= RECORDED INFORMATION =
□ □ □ □ □

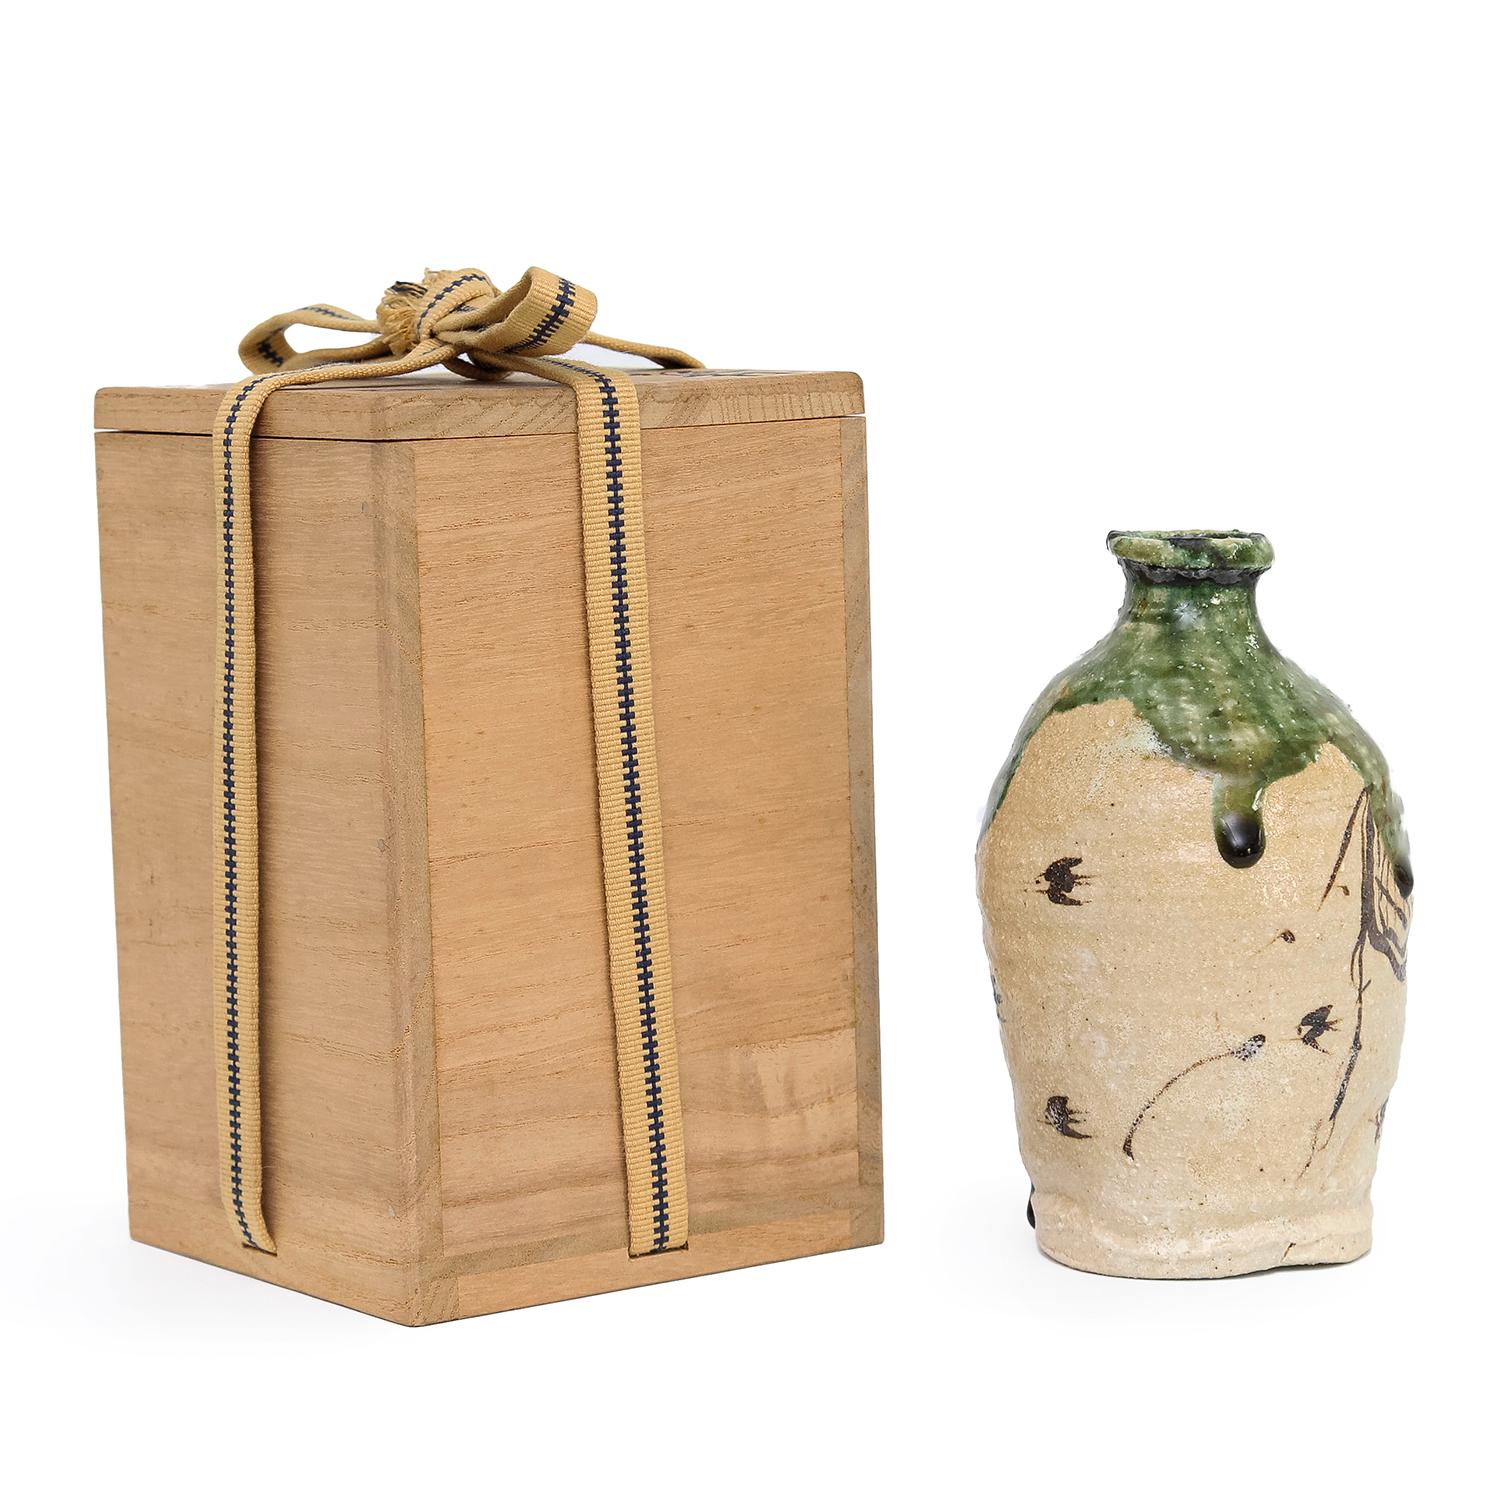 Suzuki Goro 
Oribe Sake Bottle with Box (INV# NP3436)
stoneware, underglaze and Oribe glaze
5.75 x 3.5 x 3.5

□ □ □ □ □

= WORK REQUIRED =
Your answer must be the full listing, reproduced word for word, without its pictures.

= THE ANSWER =
 Suzuki Goro 
Oribe Sake Bottle with Box (INV# NP3436)
stoneware, underglaze and Oribe glaze
5.75 x 3.5 x 3.5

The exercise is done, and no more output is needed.